The lanes and by-lanes of Kashmir have gained a reddish hue as blood and gut has been spilled incessantly in these streets over the past two decades. This hue is not flagrantly obvious, though it is palpable to those who care. There is something else – unheard shrieks for help and a stinging smell of murder. All this for a cause we honour the most. We are willing to die for it, but have we been able to live up to it.
All of us are grieving deep inside. All of us are threatened and thwarted by the gory stillness of the armed silhouette that lurks ahead of us and behind us. We are weakened by the serendipity of terror. Here in Kashmir, the victims and the victimizers, brush shoulders with each other every now and then, but no words are spoken – a silence has descended upon our land. A pantheon of dead and debris has assembled in our hearts. We walk around like zombies infused with synthetic life. We push on hurtling each other ahead towards a fire that is fuelled by all that is animate, hoping we might stumble upon the ennobled path. Drenched, as if by acid rain, we droop like withering vines, while our orchids are set on fire; we are a people who have forgotten what life really feels like.

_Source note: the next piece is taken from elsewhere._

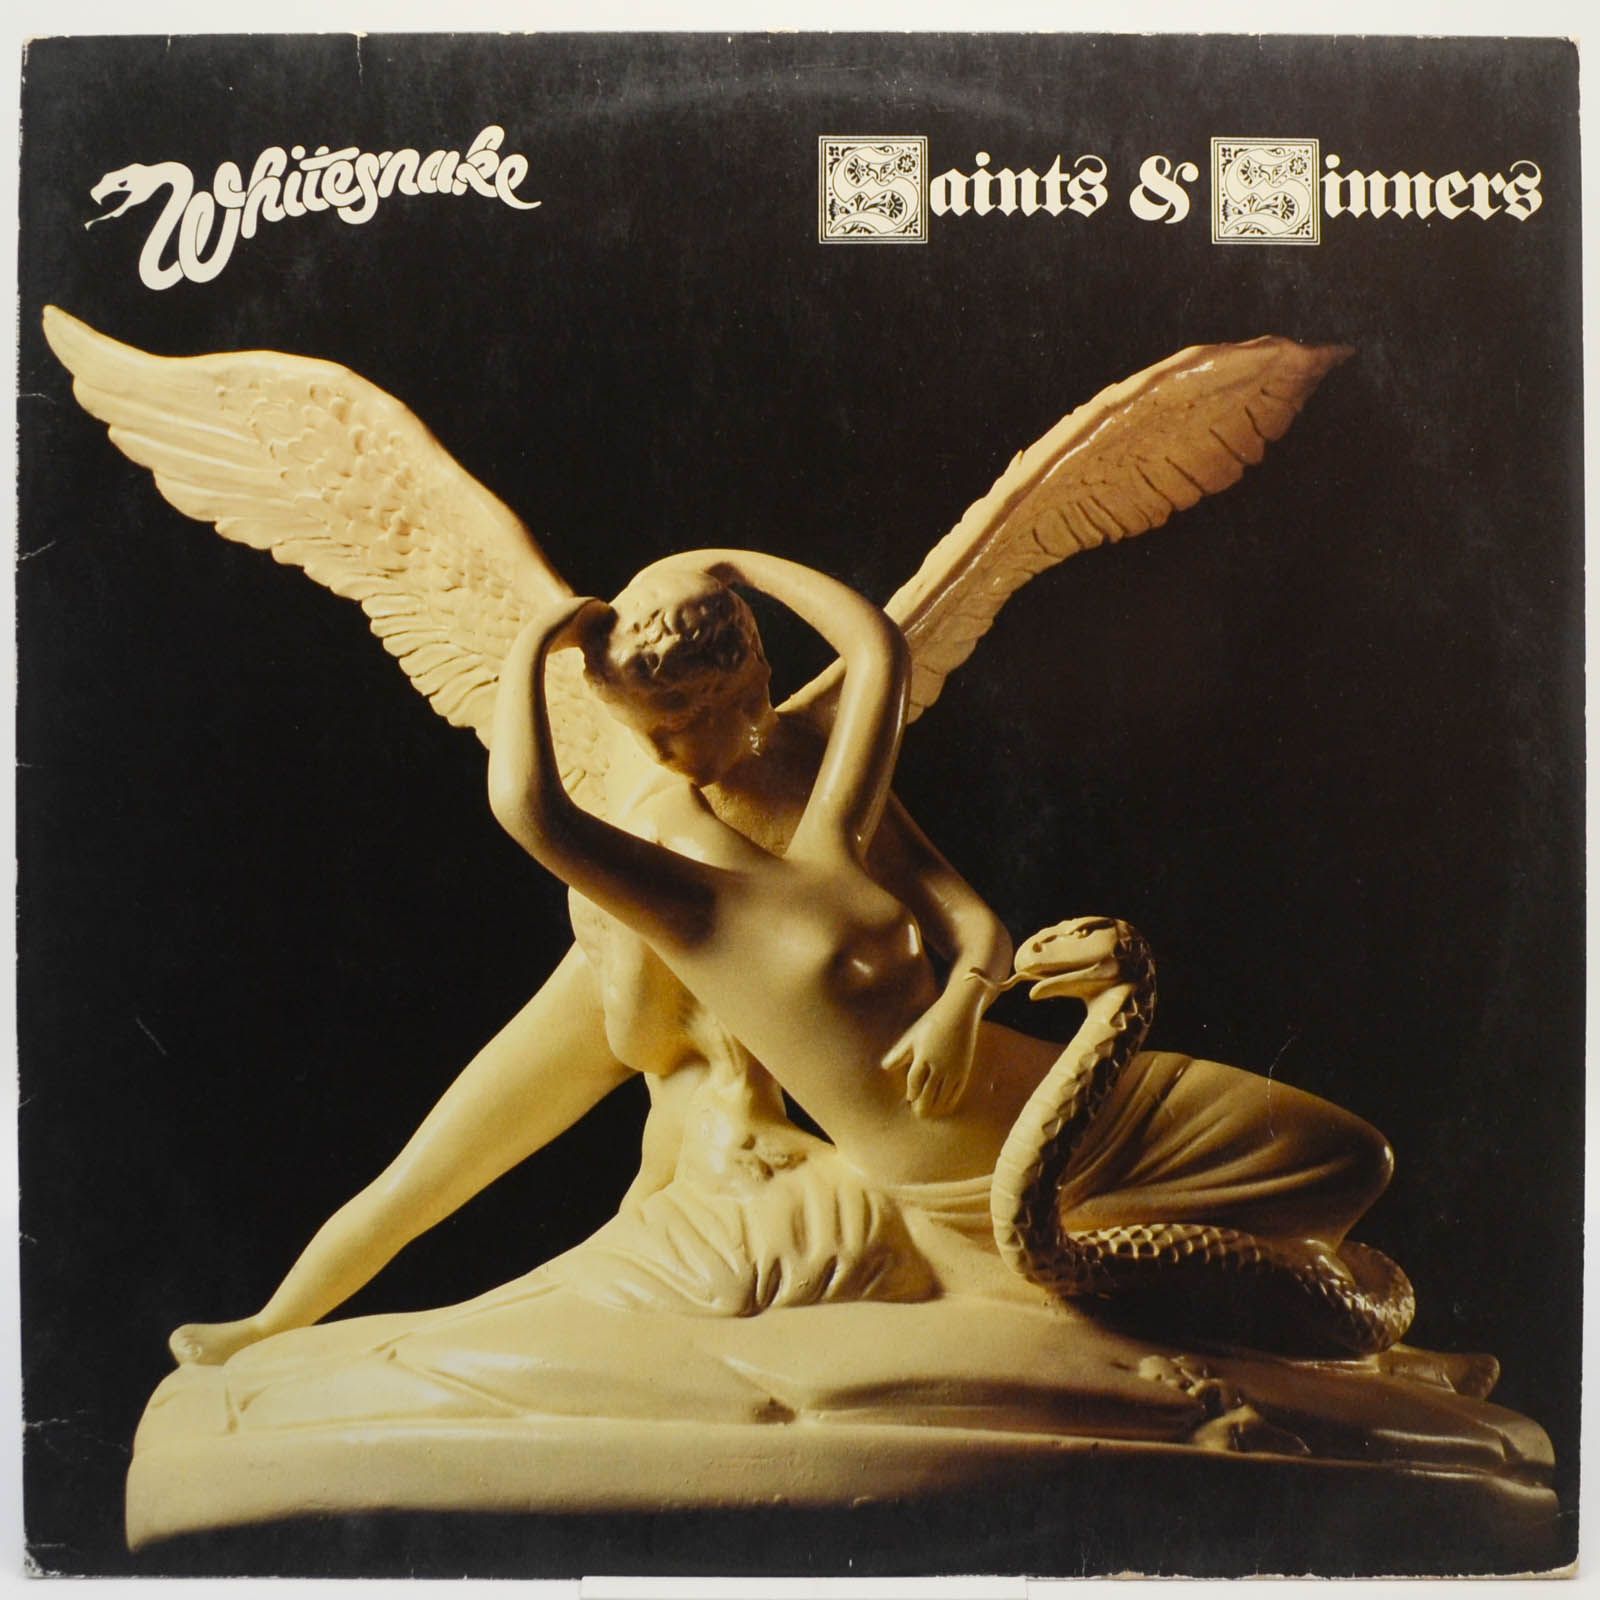 Whitesnake — Saints & Sinners, 1982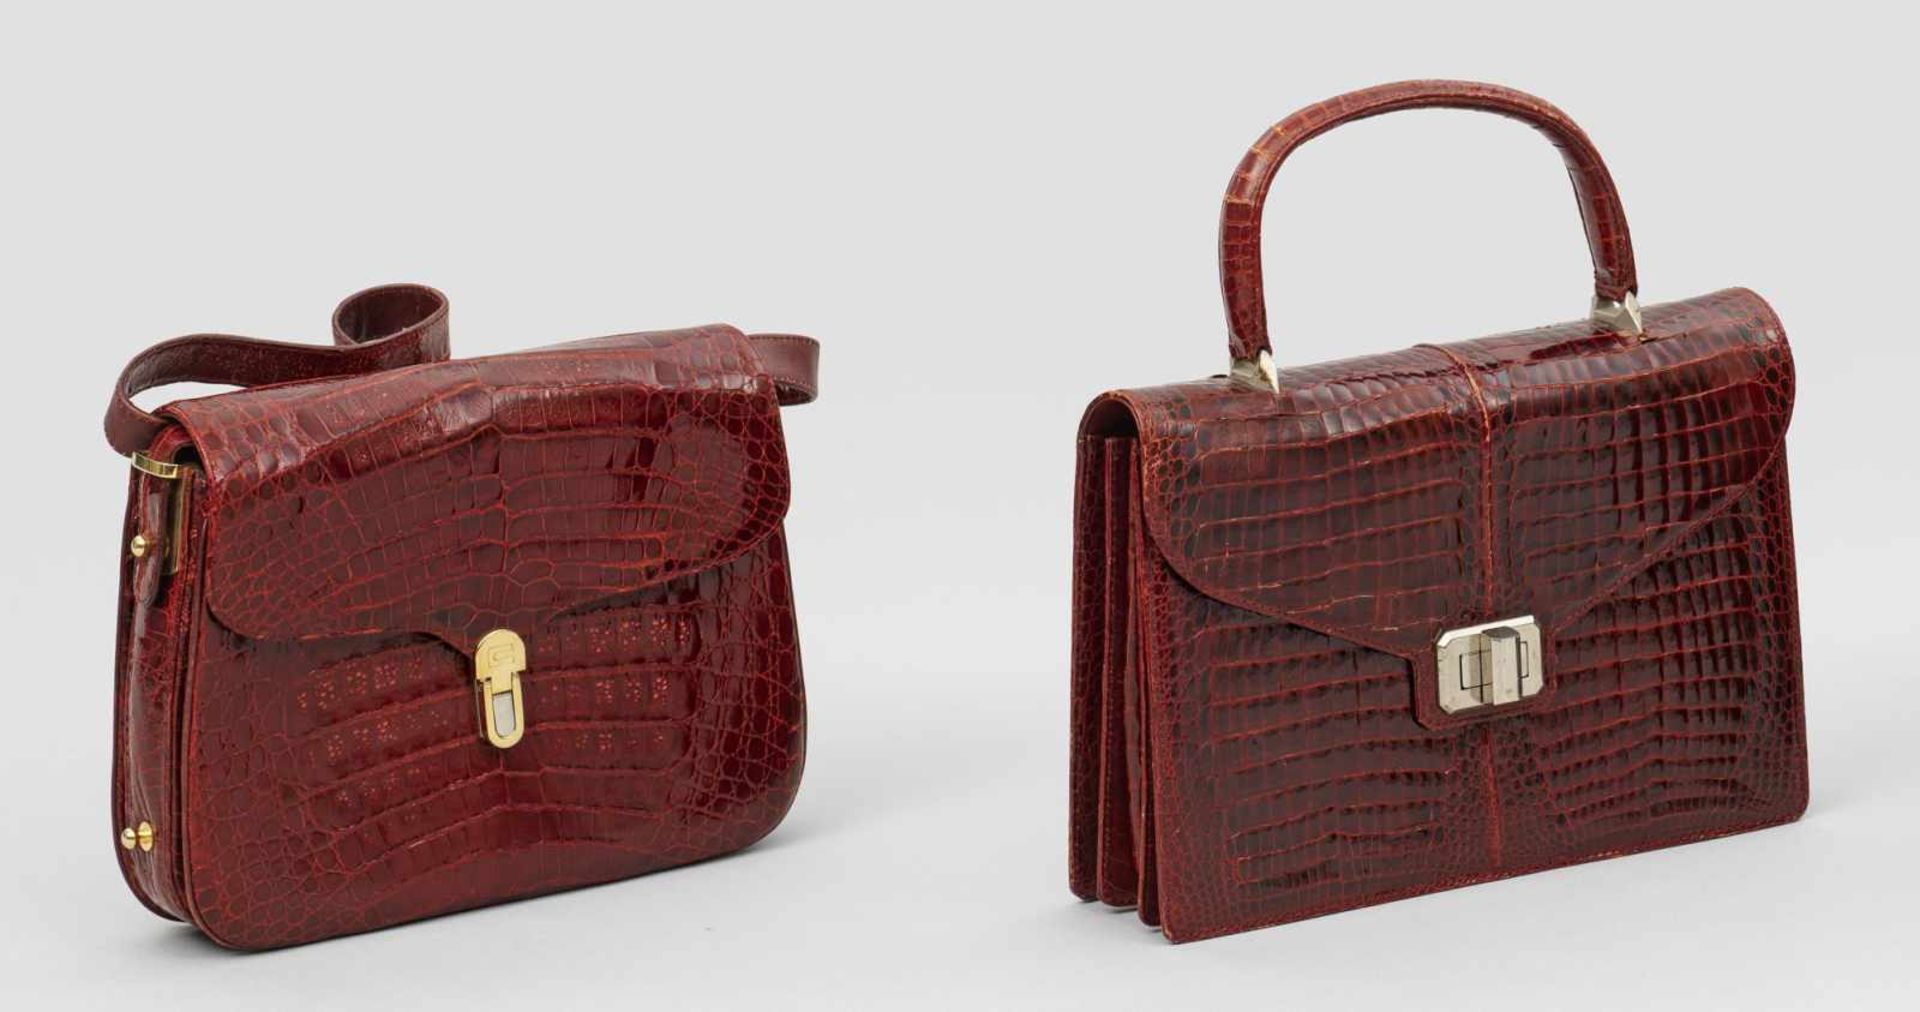 Zwei extravagante Vintage-HandtaschenZwei extravagante Vintage-Handtaschen Bord

Our customary courtesy has spelt doom for us while our traditions have fallen to rot. We are left at the ease and pleasure of strangers who never smelt our bread. We stand in the line of invisible fire and unjustified ire. We are a people who still believe, freedom is just a foothold away.
But on our way back home, we often forget that freedom is not a solitary word. Freedom is the undercurrent of revolution and definitely not all of it. Freedom is a concept, an entitlement, a refuge. While we walked our walk, braving the bullets, we attached too much meaning to the word “freedom” and subjected it to unheeding patronage and in due course of time we forgot the revolution. We committed a mistake when we forgot that revolution belongs to the people while freedom as an idea is nurtured and nourished by the elite.
When people tread the path of revolution the attainment they envision at the end of the journey is freedom, but the fact remains that the path itself is liberating. We started a revolution and abandoned it for what we aimed to achieve. We are a brave people and history stands witness to that, but we ought to learn to keep our nerve, for often the zest of revolution is lost to an impatient nerve. Revolution beseeches blood, but that is not the only thing that keeps it burning. Revolution demands that people who engender it, also live up to it. At the onset we were with the revolution, all of us, and then slowly we fell out of sync. Our lifestyles today signify a pompous departure from what we stand for. We still brave the bullets, but, sorry to say, we are not revolutionaries any more. We may wait upon the conceptualized version of our freedom and perhaps even attain it, but perhaps we will realize later that we did not gain what we intended to. It would most certainly be an exemption at the most or a paraphrased ideal. We are oppressed and for us, as a people, it is necessary to walk the line of revolution which starts within us and not without.